Чем больше генерал Рокоссовский узнавал о положении дел на Крымском фронте, тем грустнее ему становилось от полученных знаний. Фронта, наподобие Западного фронта под командованием генерала армии Жукова, к которому он привык и с которым сроднился за четыре месяца боев, в Крыму не было.
Был командующий фронтом, безвылазно сидящий в Керчи, и были три армии, сильно потрепанные в предыдущих боях, прочно застрявшие на узком пространстве суши под названием Ак-Монайские позиции, что отделяли Керченский полуостров от остальной территории Крыма. А между ними в непрерывном движении находился заместитель наркома обороны товарищ Мехлис.
Будучи далеко не глупым человеком с обостренным чувством ответственности и различающий фальшь буквально по запаху, он не мог спокойно наблюдать за неудачами фронта, что преследовали его третий месяц подряд.
Успехи Красной Армии под Москвой и Ростовом-на-Дону наглядно говорили, что врага можно бить, бить успешно, и присланный в Крым в качестве толкача товарищ Мехлис изо всех сил старался оправдать доверие вождя.
Стремительно начавшееся наступление в Крыму имело хорошие шансы, чтобы к вышеперечисленным двум успешным контрнаступлениям добавить третье. Предпосылки к этому были, но медлительность и несогласованные действия сил десанта по преследованию противника привели к потере времени и возможности.
Не являясь военным человеком, армейский комиссар чувствовал, что силы врага ограничены, что его солдаты напуганы и нужно ещё одно небольшое усилие для одержания полной победы. Всего одно верное решение, и враг будет вынужден оставить Крым, но как Мехлис ни старался, ключ, что открывал немецкий замок, так и не был найден, хотя все время был под рукой.
После падения Феодосии панические настроения в союзных немцам румынских войсках были так сильны, что Манштейн был вынужден отправлять для их укрепления своих солдат и офицеров. Один немецкий солдат командовал десятью румынскими солдатами, унтер-офицеры командовали взводами, а младшие офицеры – ротами и батальонами. Одновременно с этим среди самих немцев была проведена суровая воспитательная работа, и в первую очередь она коснулась офицеров. Под угрозой смертной казни было запрещено оставлять позиции без приказа командования, и судьба генералов Шпонека и Гимера, отданных под суд и приговоренных к расстрелу, была очень наглядным примером.
Решительной рукой Манштейн навел железный порядок, и когда, получив подкрепление, Козлов попытался прорваться к Симферополю и Джанкою, у него ничего не получилось. Убыль солдат и офицеров была огромна. Чтобы спасти положение, Манштейн отправил на фронт всех солдат из нестроевых подразделений и офицеров штаба.
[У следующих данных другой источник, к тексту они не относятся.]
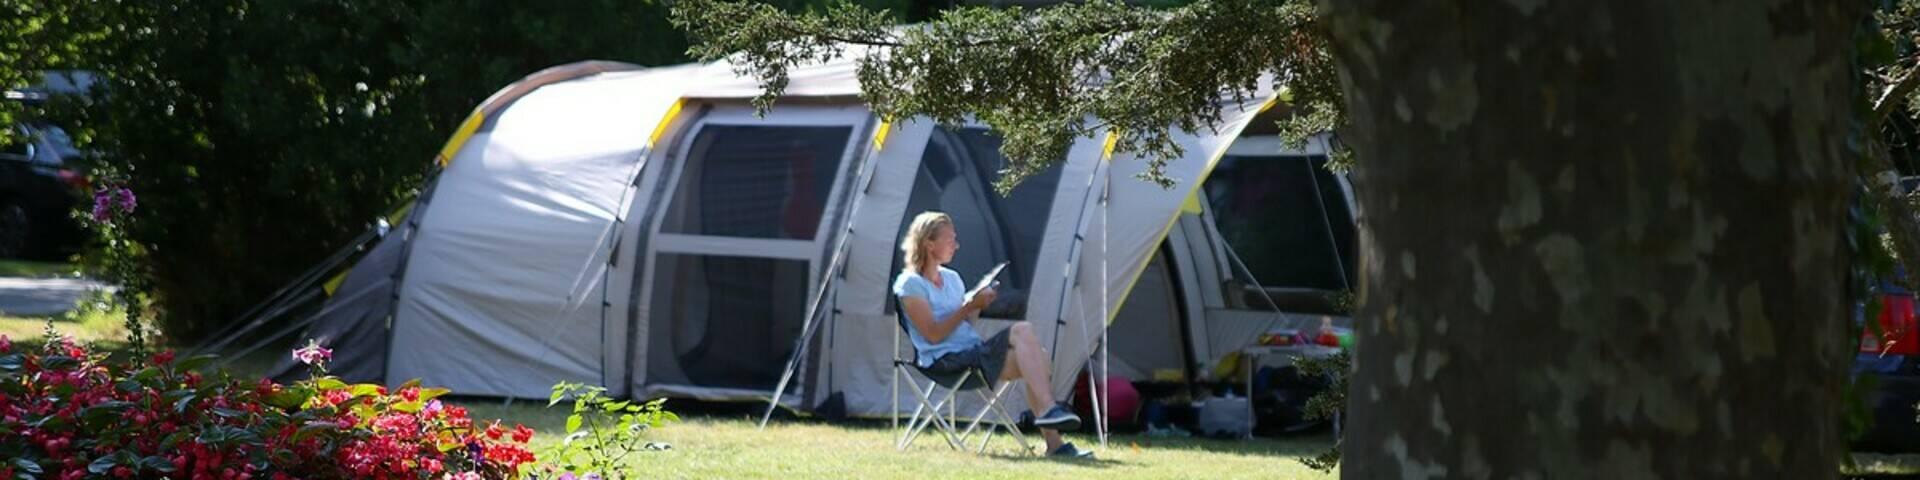 Lecture devant une toile de tente

Будь управление войсками более организованно, блистательный стратег и лучший ум германской мысли попал бы в окружение, но, к сожалению, этого не случилось. Авиационная поддержка была слабой, артиллеристы плохо координировали свою работу с запросами пехоты, а она, в свою очередь, не поддерживала действий танков. Благодаря этому часть огневых точек и опорные пункт обороны противника не были подавлены. Не имевшие поддержки танки, большей частью легкие, после прорыва передовой линии обороны оказывались легкой добычей противотанковых батарей, зенитных орудий и вооруженных гранатами солдат. Поэтому они несли неоправданные потери и отходили, а когда в бой вступала сама пехота, её останавливали при помощи пулеметов и заградительного огня из пушек и минометов.
Сумей комфронта отладить их совместные действия, и фронт был бы обязательно прорван. По своим силам Крымский фронт превосходил противника, но Козлов не сумел этого сделать. Он руководил своими войсками из штаба фронта, покидая его исключительно по требованию Мехлиса или Ставки.
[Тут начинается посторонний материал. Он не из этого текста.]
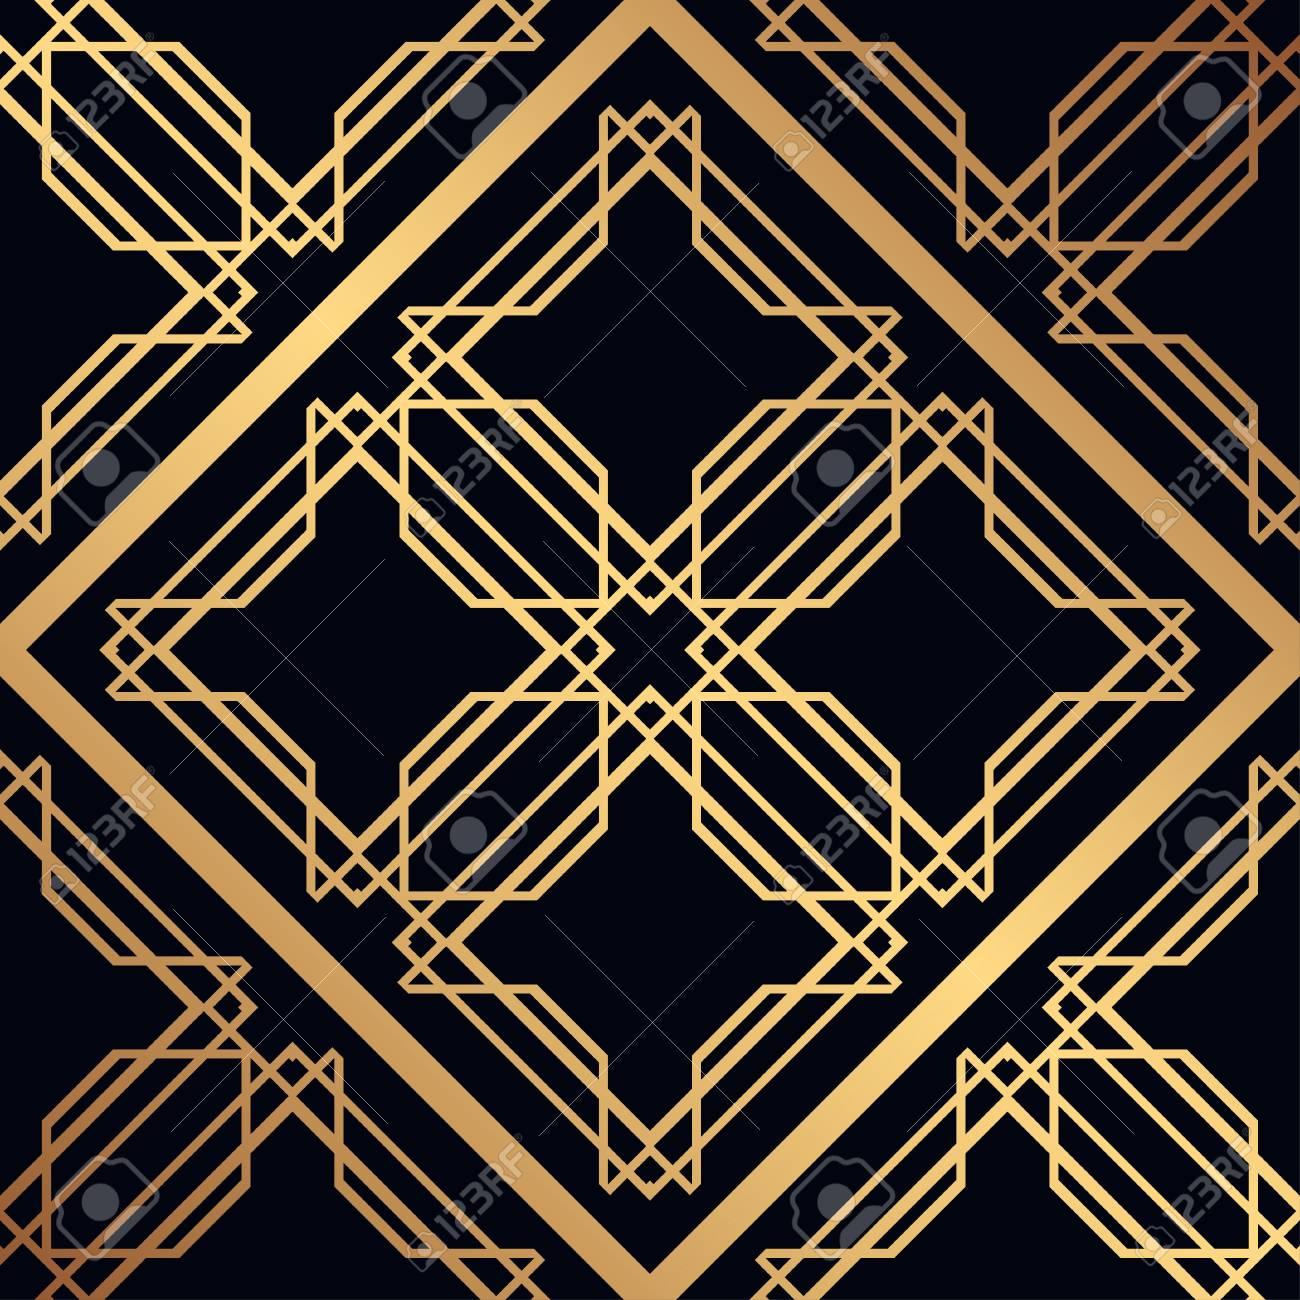 Deko Ornament.Vintage Ornamental Seamless Pattern Art Deco Ornament Template

Не зная реальной обстановки и руководствуясь плохо проверенными данными, Козлов не сумел выполнить директиву Ставки по снятию блокады с Севастополя и освобождению Крыма от немцев. Объясняя свои неудачи малым числом гаубичной артиллерии, большими потерями в живой силе, упорным сопротивлением врага и наступившей весенней распутицей, он постоянно просил Сталина прислать ему ещё одну дивизию или бригаду, которая непременно сломает хребет «фашистскому зверю» Манштейну.
Возможно, генерал-лейтенант Козлов со временем и стал бы неплохим полководцем, наберись он боевого опыта в более спокойной обстановке, где не было ни Манштейна, ни Мехлиса. Ведь не за красивые глаза он стал генерал-лейтенантом и комфронта.
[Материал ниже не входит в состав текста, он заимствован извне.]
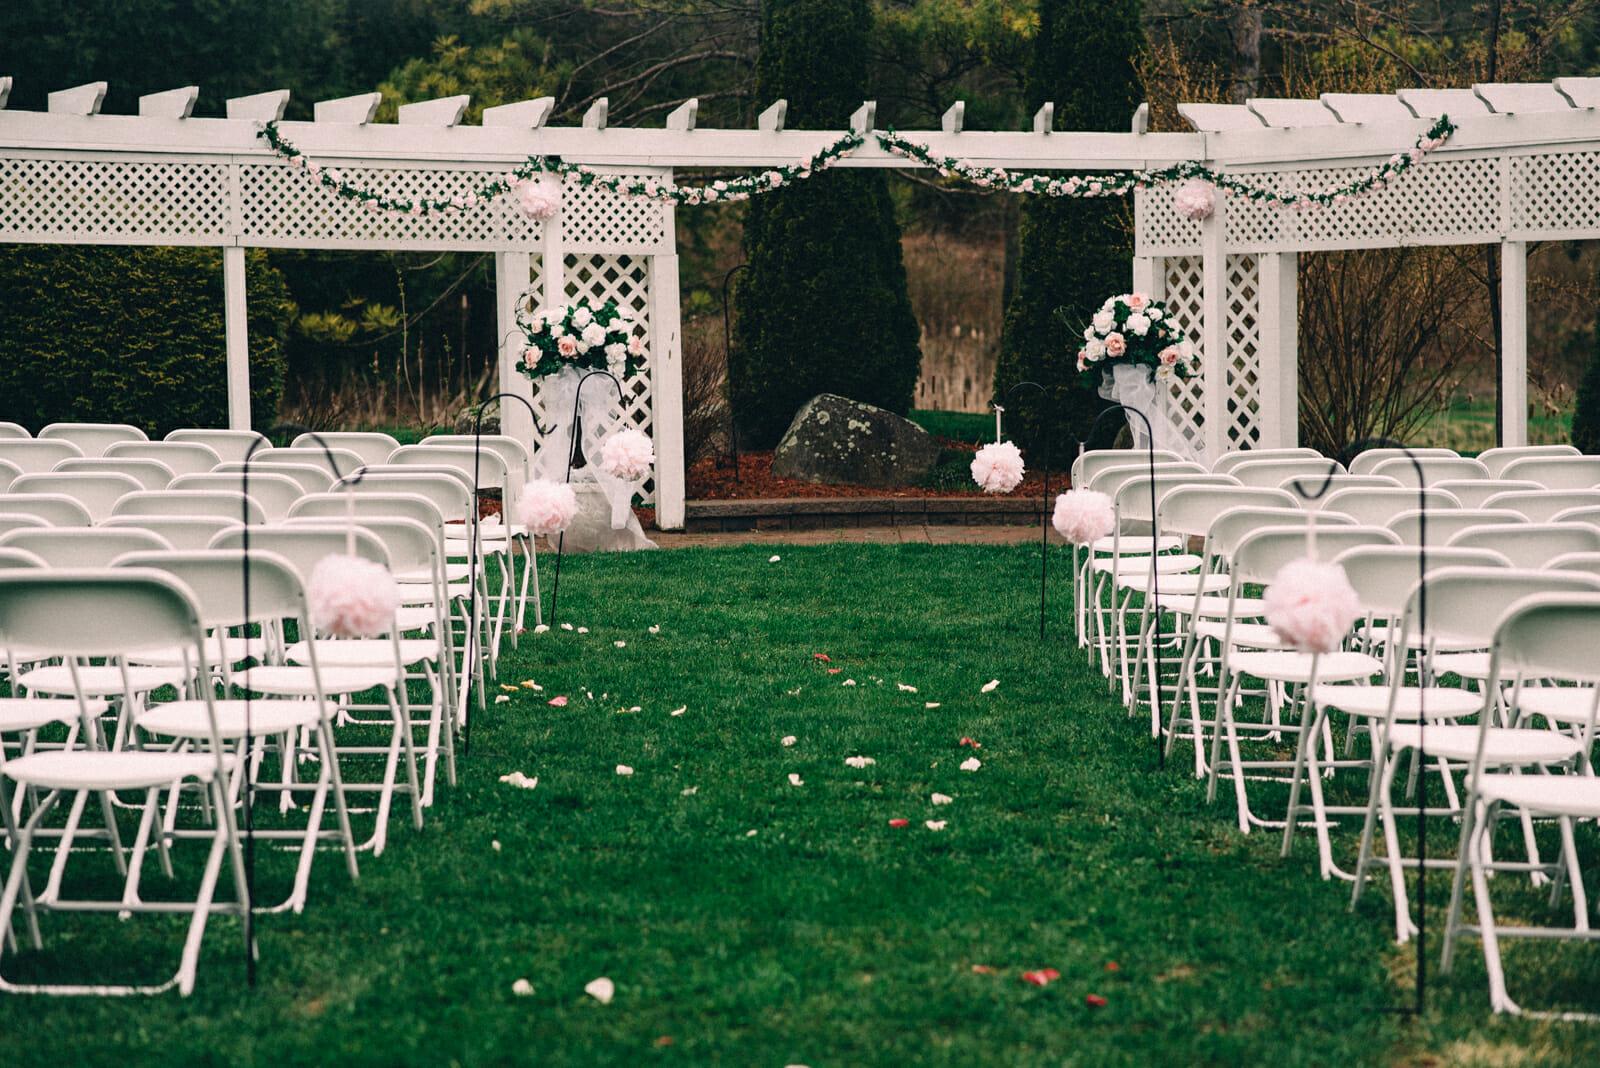 trillium trails wedding ceremony oshawa

Но увы. Весною сорок второго он был в Крыму, где на него с одной стороны давил немецкий генерал-полковник пехоты, с другой – советский армейский комиссар 1-го ранга, и вкупе к этому Ставка в лице несносного Сталина требовала отчета об использовании предоставленных ему сил и средств. Ну как не загрустить военному человеку.
Известие о своем снятии с поста командующего фронта Козлов встретил со смешанными чувствами. С одной стороны, его терзала обида из-за снятия с поста, когда до победы над грозным Манштейном оставался шаг-другой. С другой стороны, он был сильно рад, что избавляется от общества Мехлиса, которого он больше боялся, чем ненавидел.
«Посмотрим, на сколько этого поляка хватит, прежде чем Мехлис его сломает», – зло думал генерал, готовясь сдать дела новому комфронта. В том, что конфликт между ним и Мехлисом обязательно произойдет, никто из работников штаба не сомневался. Представитель Ставки не мог обойтись без советов и нравоучений, но умница Рокоссовский сразу по прибытии сумел направить кипучую энергию заместителя наркома в созидательное русло. Встретившись с Мехлисом на аэродроме, Рокоссовский сразу заявил, что приехал сюда наступать. Что чем быстрее это произойдет, тем лучше, и будет рад принять со стороны товарища армейского комиссара любую помощь, но сначала он хотел бы осмотреться и вникнуть в положение.
Одним словом, он сказал то, что и хотел услышать от него Мехлис. Однако там же, на аэродроме, Рокоссовский показал представителю Ставки зубы. Представляя замнаркому группу прибывших с ним военных во главе с генералом Малининым, он обозначил его как нового начальника штаба фронта. В ответ Мехлис стал усиленно расхваливать нынешнего начштаба генерала Вечного, но комфронта остался при своем мнении. Ничуть не сомневаясь в способностях генерала Вечного, он заявил, что для быстроты дела будет лучше, если он не будет тратить драгоценное время на притирку характеров и начнет работать с теми, кого хорошо знает.
Видя настойчивость Рокоссовского и помня содержание телеграммы Сталина, Мехлис не стал спорить с генералом в этом вопросе, справедливо полагая, что последнее слово в этом вопросе он всегда сможет оставить за собой. Впрочем, эта размолвка быстро им забылась, поскольку уже через минуту армкомиссар был приятно удивлен. На вопрос, что он собирается делать, Рокоссовский сказал, что намерен принять дела у Козлова, доложить об этом в Ставку и засветло выехать в расположение 51-й армии генерала Львова, так как именно ей предстоит нанести главный удар в предстоящем наступлении.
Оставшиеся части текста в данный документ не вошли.